La crise sociale, culturelle et identitaire qui traverse l'ensemble des pays développés est celle de la « sortie de la classe moyenne » d'une majorité des classes salariées occidentales. Les modèles nationaux n'ont pas résisté au rouleau compresseur de la mondialisation, partout le modèle inégalitaire et multiculturel s'est imposé. La France, comme les autres pays développés, est devenue une société américaine comme les autres où la classe moyenne disparaît, où les inégalités sociales et territoriales s'accroissent, tandis qu'émerge une société multiculturelle sous tension.

L'économie mondialisée, qui repose sur une division internationale du travail, mais aussi sur la mécanisation et la robotisation, n'a plus besoin des classes populaires occidentales (trop chères, trop protégées), mais d'ouvriers en Chine, en Inde ou en Afrique et de cadres (bien rémunérés) et d'immigrés (sous-payés) aux États-Unis et en Europe. L'adaptation des sociétés européennes et américaines aux normes de l'économie-monde passe donc par la mise en œuvre du plus grand plan social de l'Histoire, celui des classes populaires. Cette procédure de licenciement massive n'a pas été annoncée, encore moins négociée, mais elle a bien été enclenchée au début des années 1970, période où les courbes du PIB et du chômage deviennent parallèles. Le modèle mondialisé démontre alors son efficacité économique et sa capacité à exclure les catégories modestes. Si les classes populaires n'ont pas officiellement reçu leur lettre de licenciement, elles ont été discrètement reléguées sur les territoires les moins connectés à l'économie-monde. Les logiques foncières, économiques, sociales, bref, la main invisible du marché, se sont chargées de la procédure de licenciement en reléguant en douceur la majorité des classes populaires occidentales dans les périphéries géographiques et culturelles de la mondialisation.
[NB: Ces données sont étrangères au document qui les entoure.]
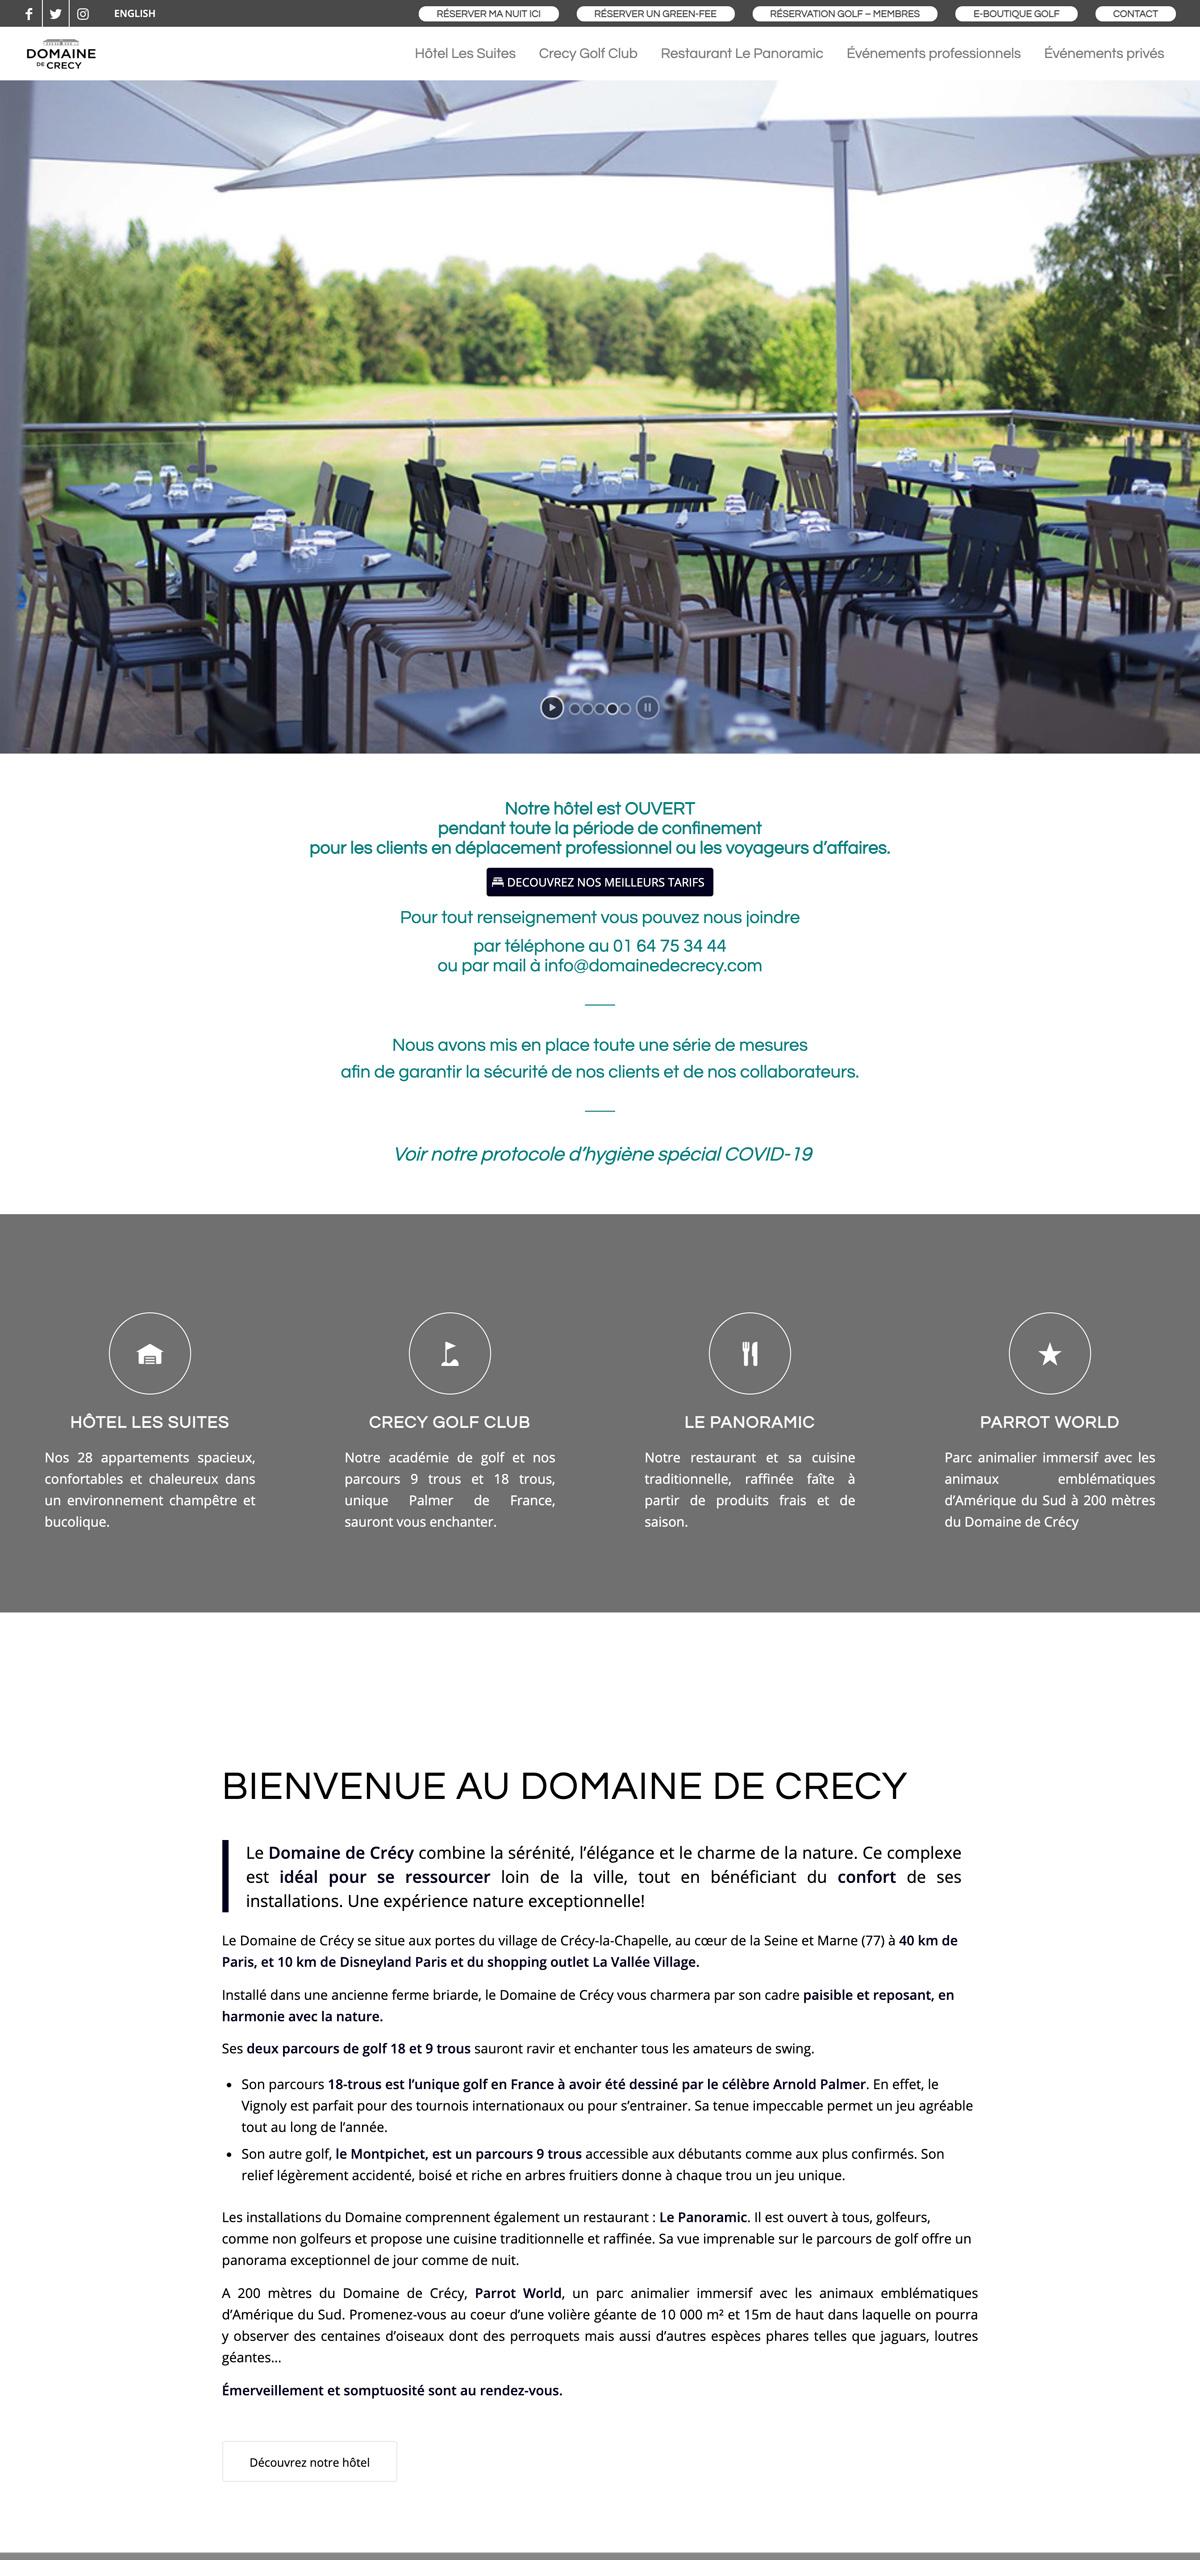 rdsc domaine crecy website screenshot

Ce grand basculement, qui aligne la France sur les normes libérales des sociétés anglo-saxonnes, n'est pas assumé par la classe politique. Celle-ci surjoue les postures républicaines et égalitaires mais signe tous les traités de libre-échange, en acceptant les abandons de souveraineté. Le rouleau compresseur de la mondialisation transforme ainsi la France en une société inégalitaire et multiculturelle.
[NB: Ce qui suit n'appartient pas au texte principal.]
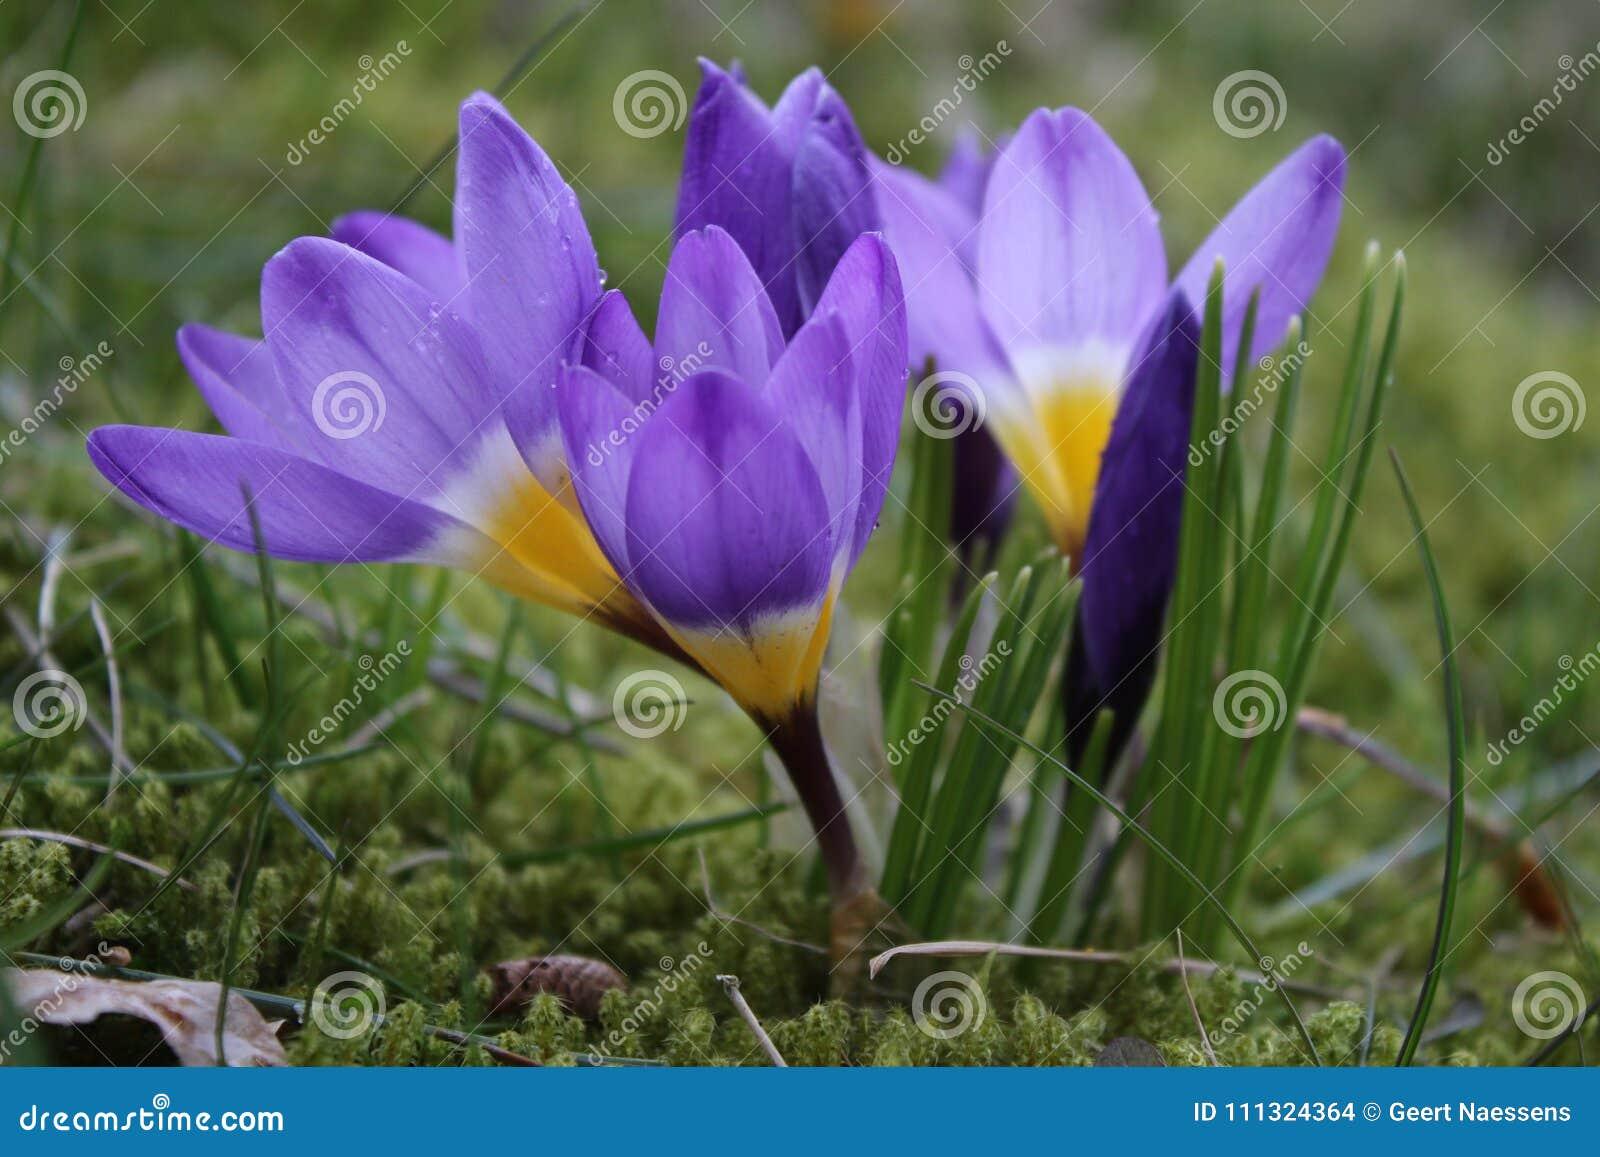 Flowering Purple Crocus Sieberii Tricolor In Spring Stock Photo ...

Jean-Pierre Chevènement a été l'un des premiers à comprendre l'impasse de la mondialisation. Il a très vite pointé les conséquences économiques et sociales que provoquerait la perte de souveraineté. La désindustrialisation massive et la précarisation des classes populaires lui ont donné raison. Mais, candidat à l'élection présidentielle de 2002, l'ancien ministre de l'Éducation nationale et de la Défense a perdu. Son score de 5,33 % est sans appel : le « camp républicain », celui de l'égalité, de la laïcité, a perdu. Pis, il n'a pas capté un électorat populaire qu'il défendait sur le fond. Si le « Che » a fait l'erreur de ne pas évoquer la question des flux migratoires et de l'insécurité culturelle qu'ils génèrent en milieu populaire, il a d'abord perdu la bataille politique et médiatique. La campagne d'ostracisation et de fascisation du camp souverainiste par la classe dominante a été d'une redoutable efficacité. Son « vieil ami » Bernard-Henri Lévy, l'auteur de L'Idéologie française1, qui n'a de cesse de rappeler que le « souverainisme est une saloperie », a gagné. La digue républicaine, celle du modèle français, a sauté, laissant le champ libre au modèle mondialiste, à la société américaine. Mais pouvait-il en être autrement face à Wall Street, au CAC 40 et à Hollywood ?
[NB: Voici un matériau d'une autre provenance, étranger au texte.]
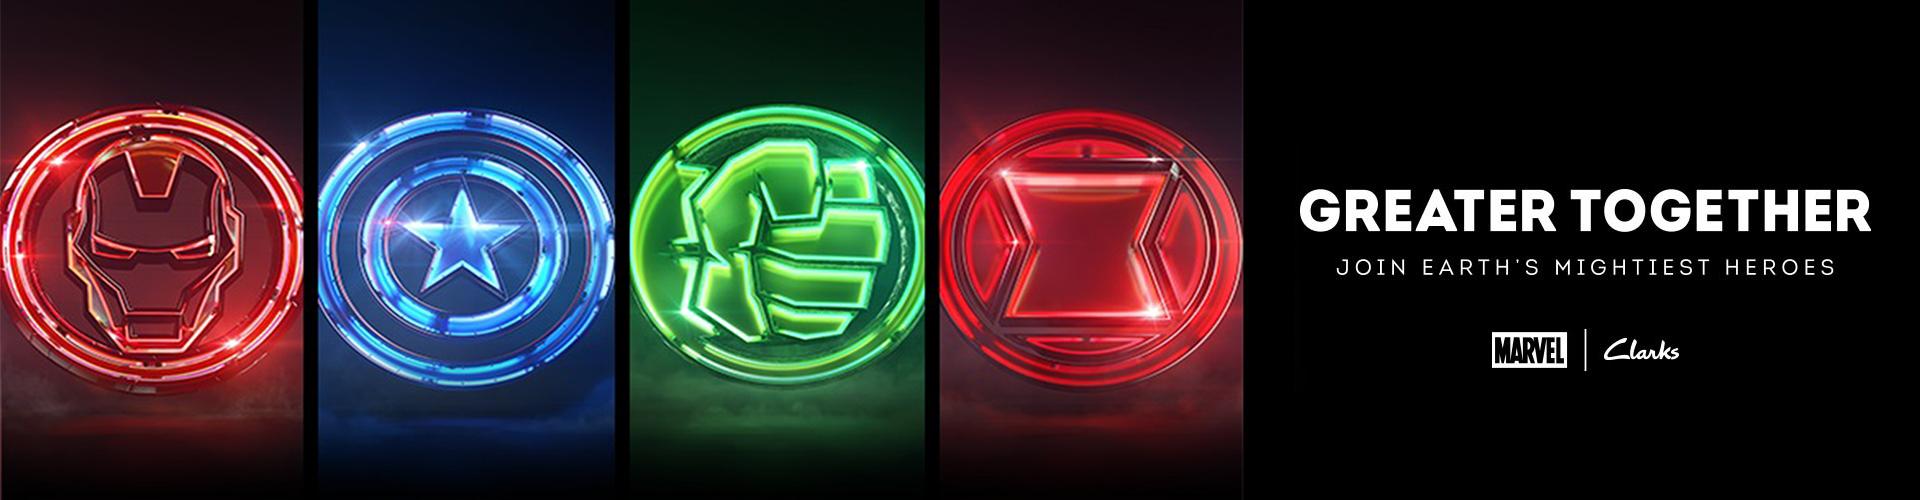 Marvel X Clarks

Depuis, et alors qu'émerge une société française inégalitaire, la « résistance républicaine » à l'ordre mondialisé apparaît de plus en plus comme un théâtre animé par de mauvais comédiens. D'autre part, s'ils parlent encore « républicain », les partis politiques français ont déjà intégré dans leur stratégie électorale le marketing communautaire, comme aux États-Unis. Des politiques qui n'hésitent plus, à l'échelle locale, à mettre en œuvre des politiques ouvertement communautaires.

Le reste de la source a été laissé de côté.